## Your task
Would you reproduce each line below exactly, leaving every picture out?

## Dataset extract
-- Opening Marker --

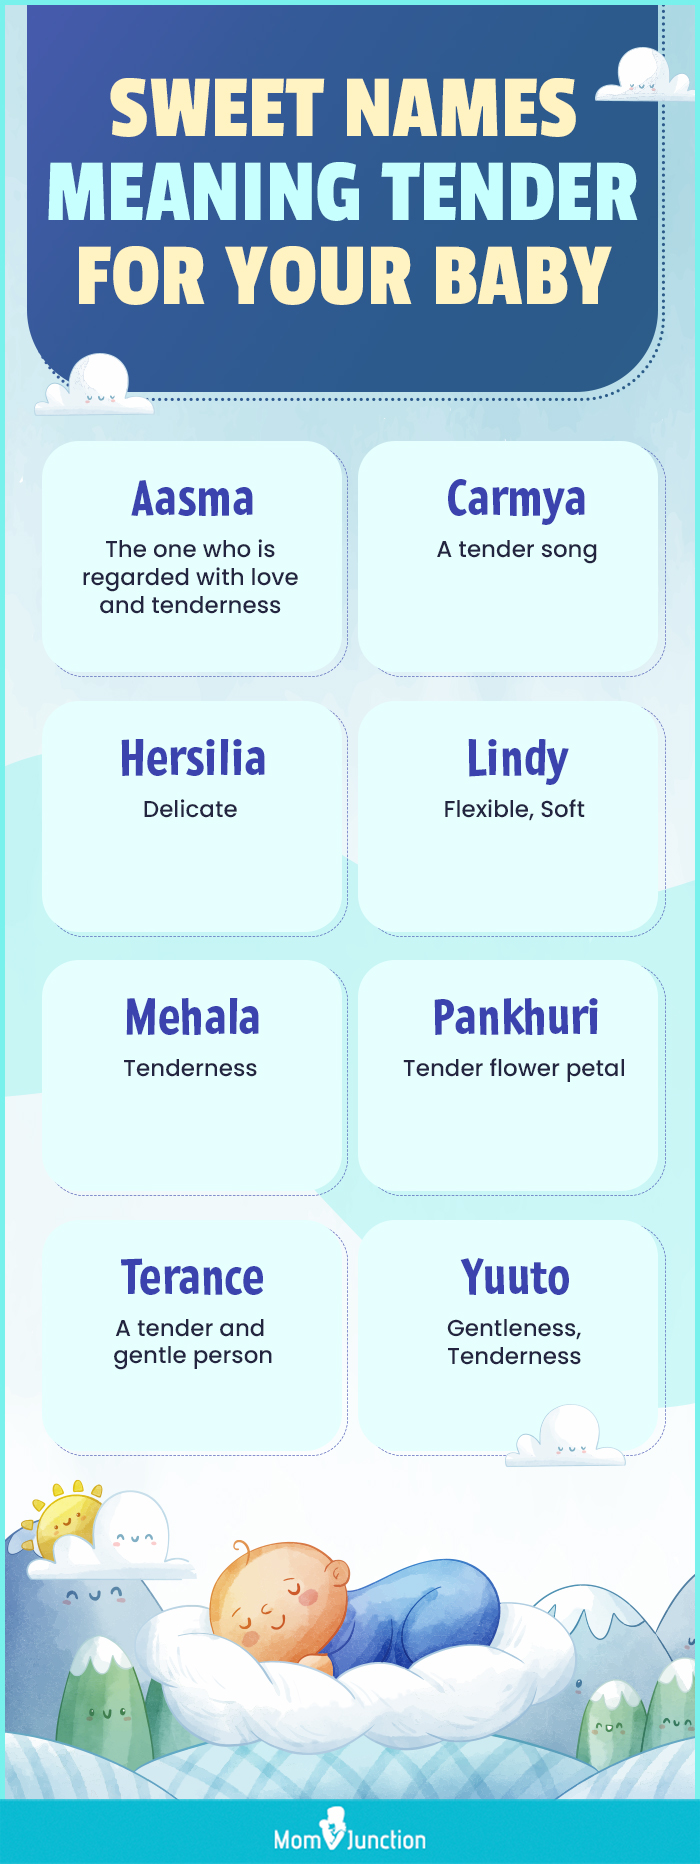 Sweet Names Meaning Tender For Your Baby (infographic)
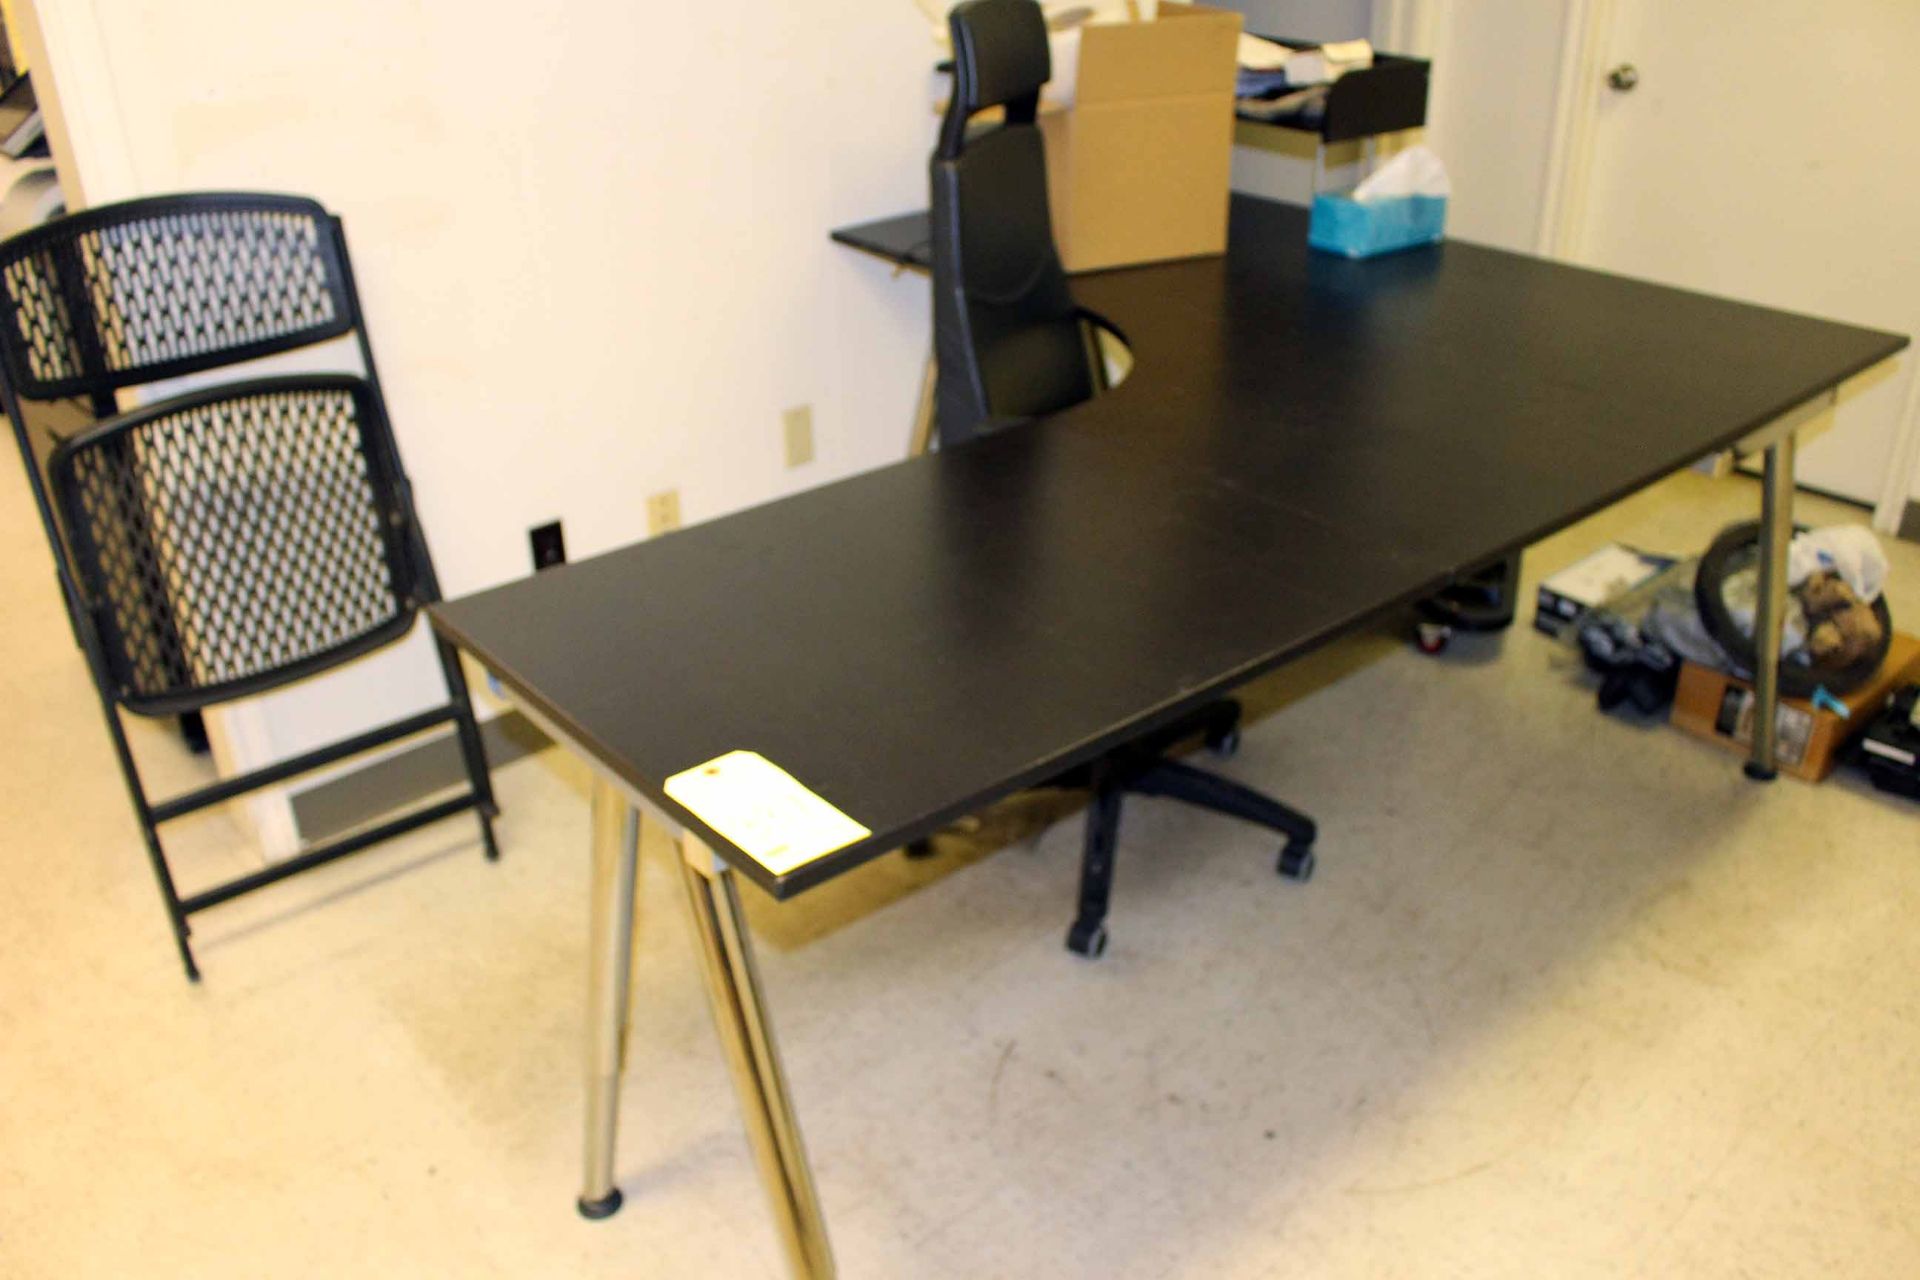 LOT CONSISTING OF: desk, chair
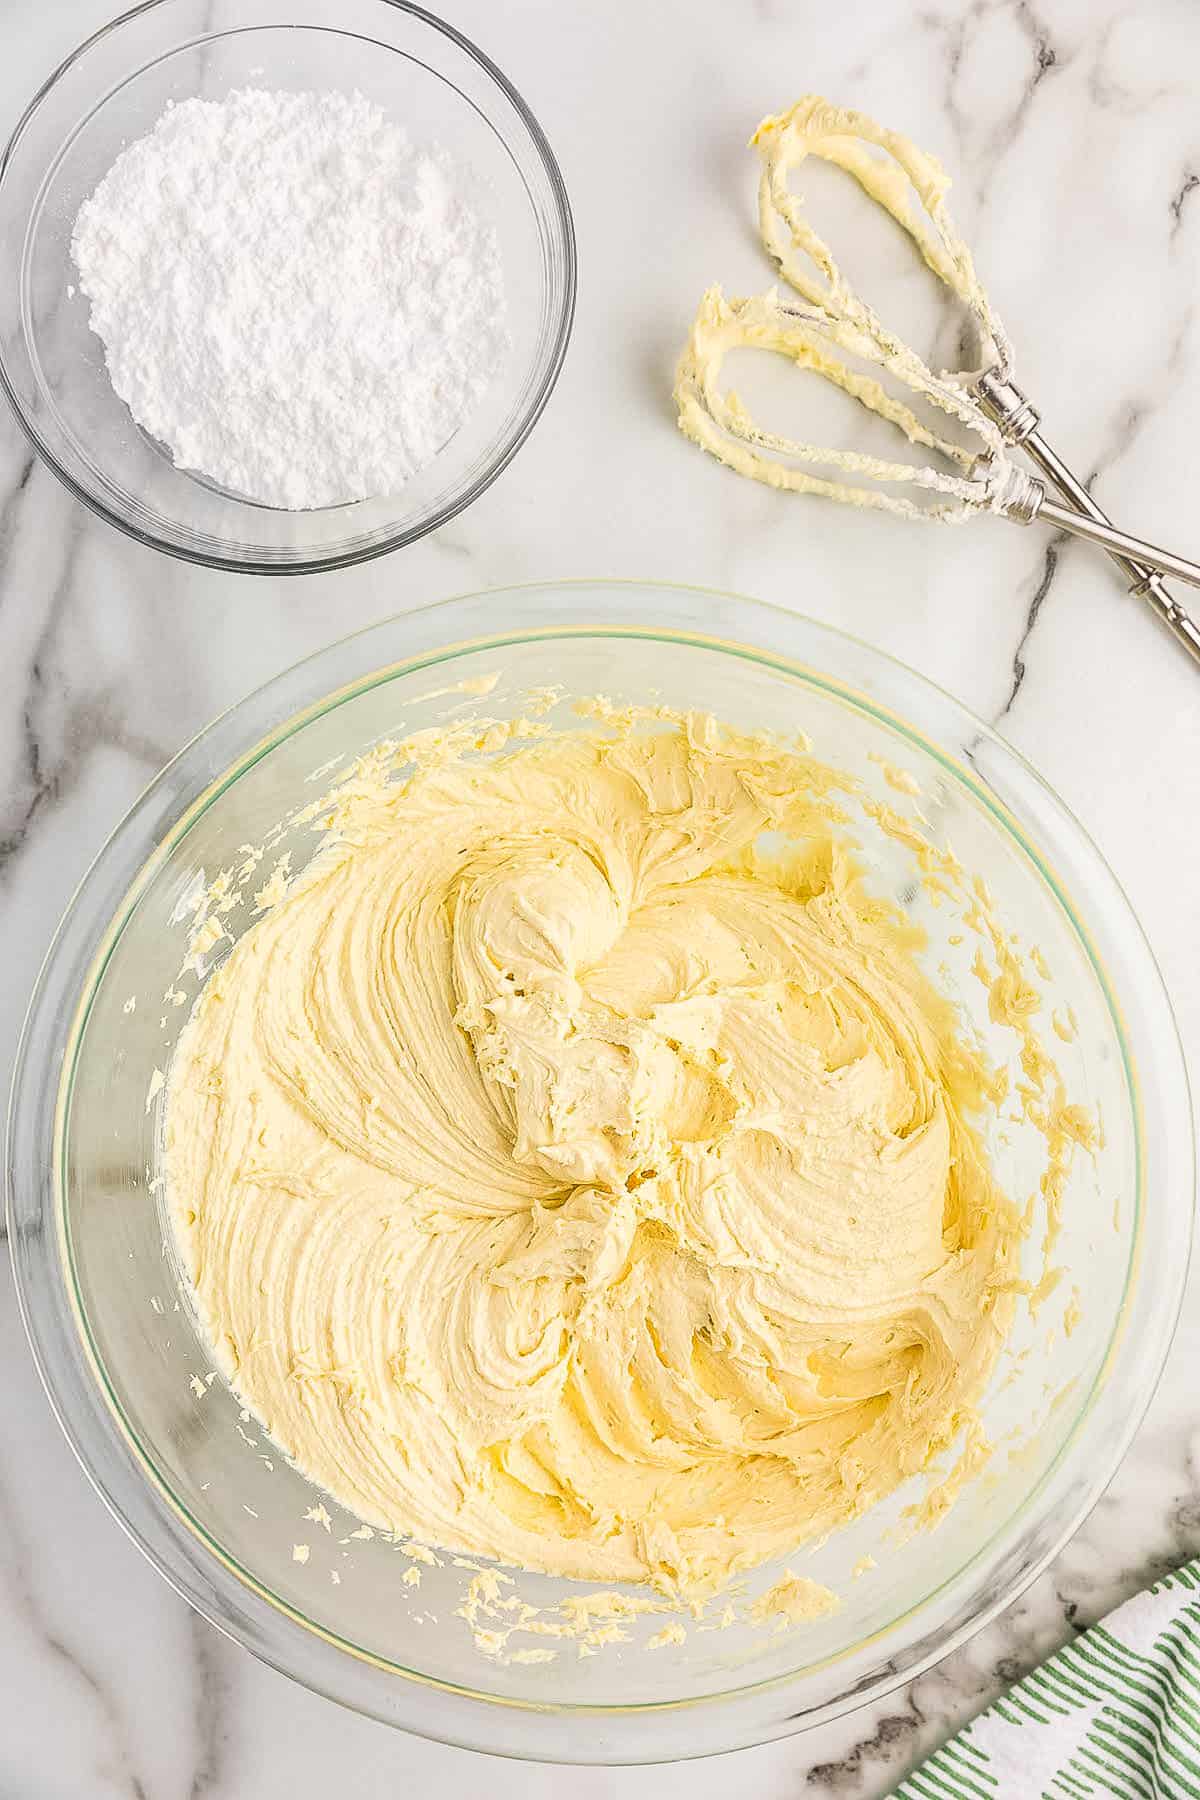 Bowl with lemon cool whip cookie batter

-- Closing Marker --

## Task response
 Sweet Names Meaning Tender For Your Baby (infographic)
 LOT CONSISTING OF: desk, chair
 Bowl with lemon cool whip cookie batter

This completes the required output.